▸ **EXTRACTED ENTRIES**
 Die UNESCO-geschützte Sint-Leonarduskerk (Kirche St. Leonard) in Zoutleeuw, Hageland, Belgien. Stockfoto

* * *

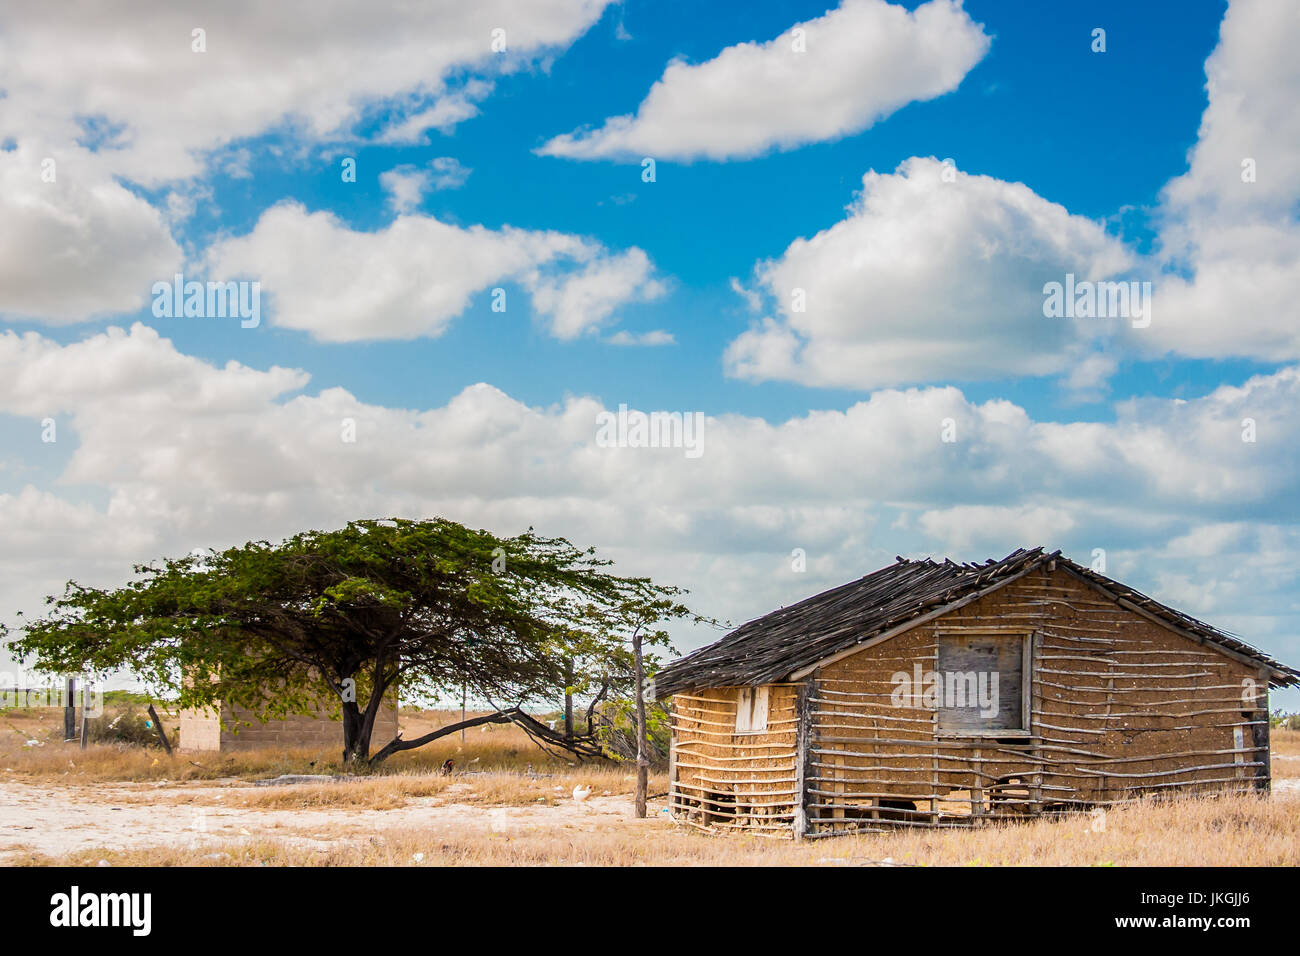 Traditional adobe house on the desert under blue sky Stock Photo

...

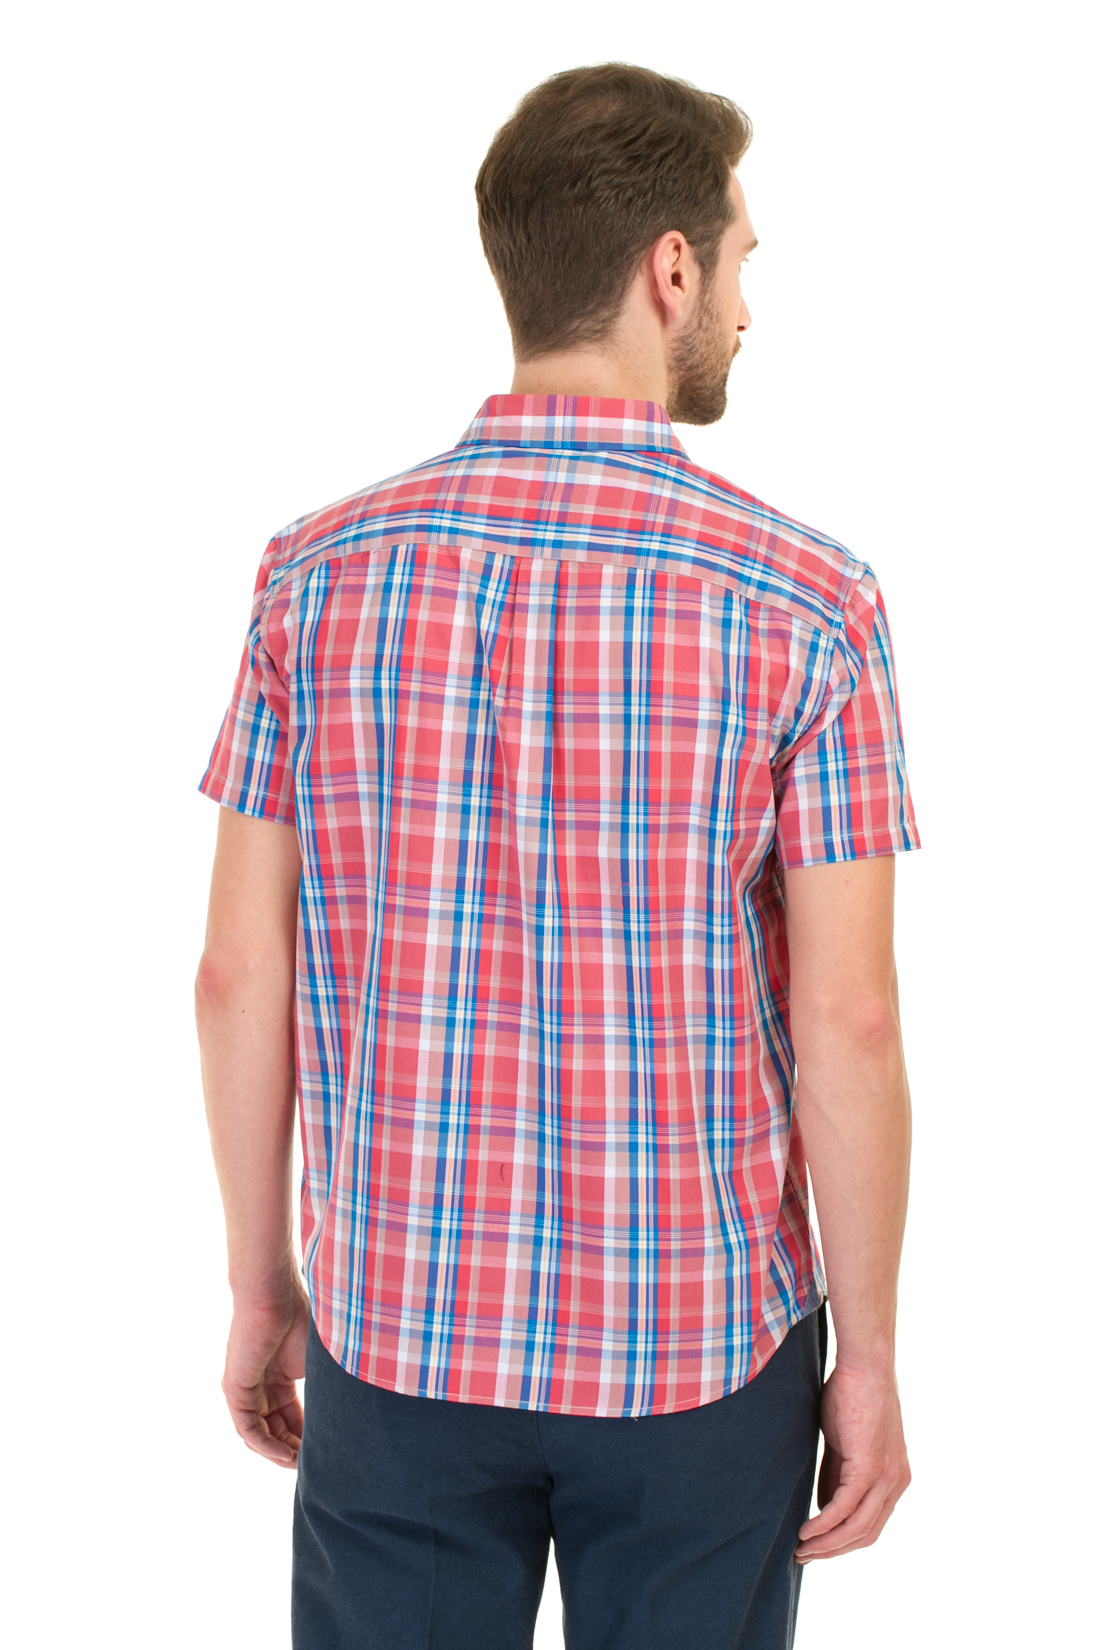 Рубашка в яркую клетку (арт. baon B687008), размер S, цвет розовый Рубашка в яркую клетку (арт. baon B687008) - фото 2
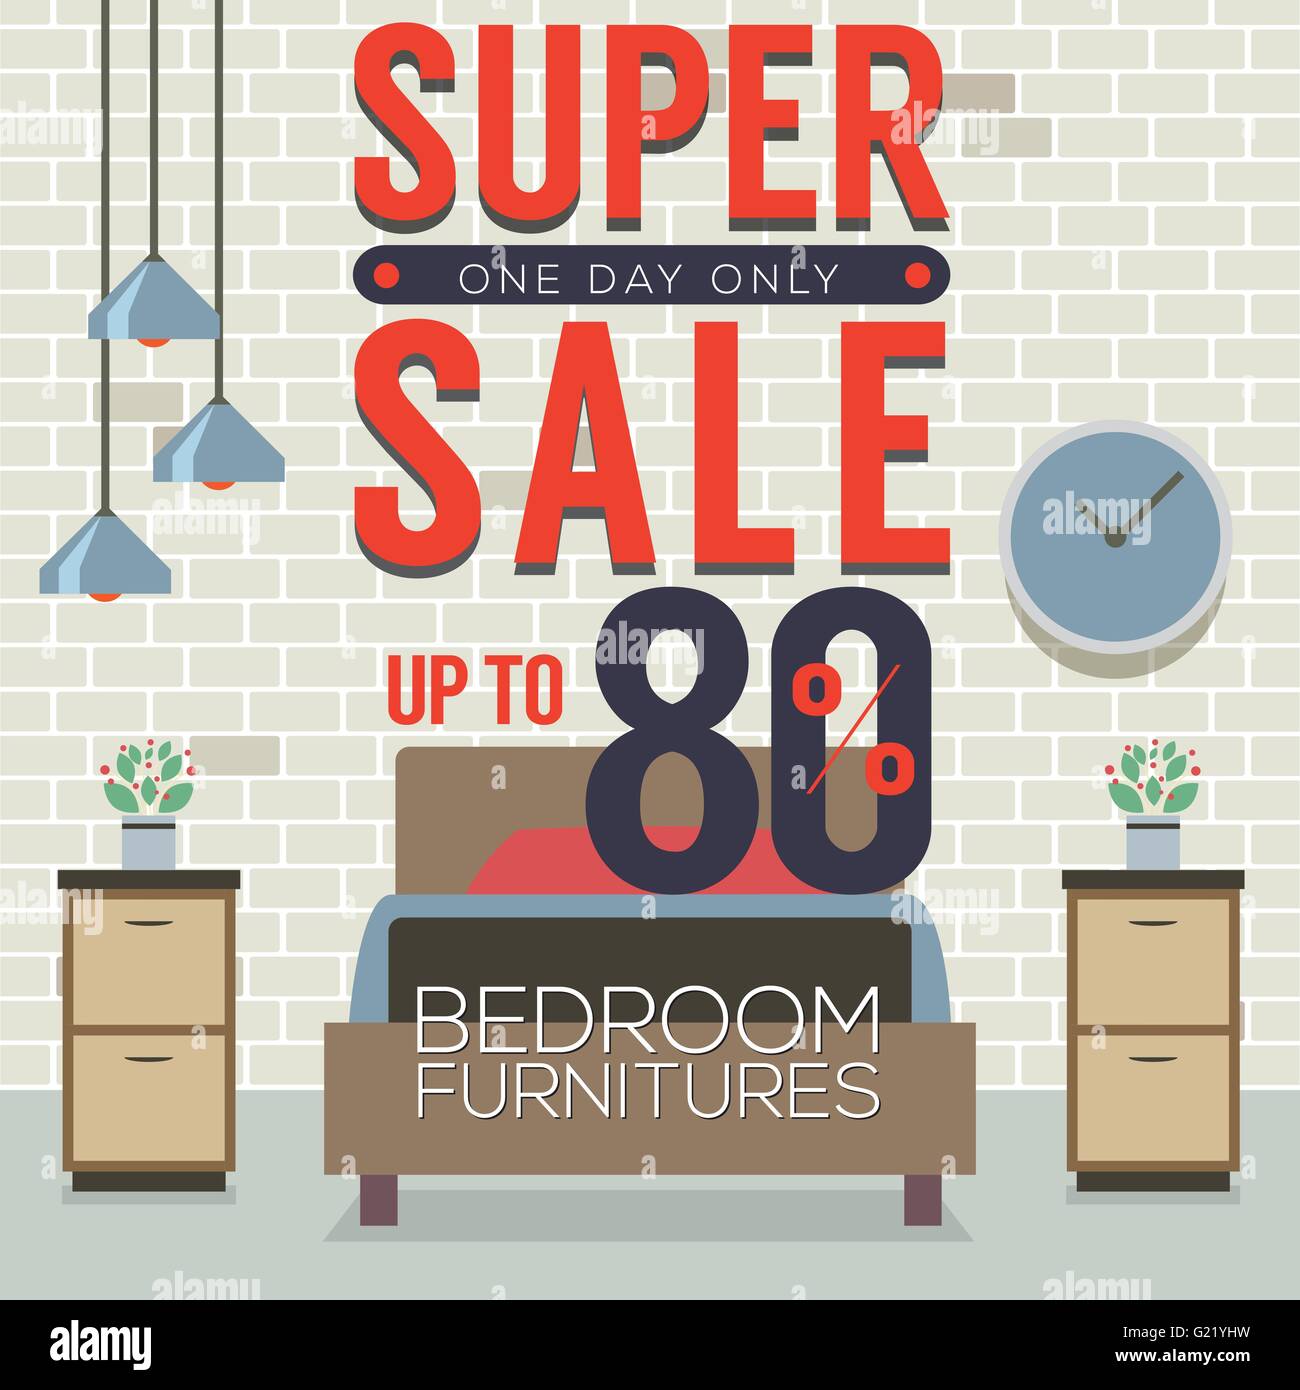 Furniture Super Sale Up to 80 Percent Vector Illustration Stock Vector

▸ **INSTRUCTIONS TO FOLLOW**
Using the records above, print exactly the run of lines that starts with the line with "Рубашка в яркую клетку (арт. baon B687008), размер" and goes on through the line with "Furniture Super Sale", pictures excluded.

▸ **RESPONSE TO THIS TASK**
 Рубашка в яркую клетку (арт. baon B687008), размер S, цвет розовый Рубашка в яркую клетку (арт. baon B687008) - фото 2
 Furniture Super Sale Up to 80 Percent Vector Illustration Stock Vector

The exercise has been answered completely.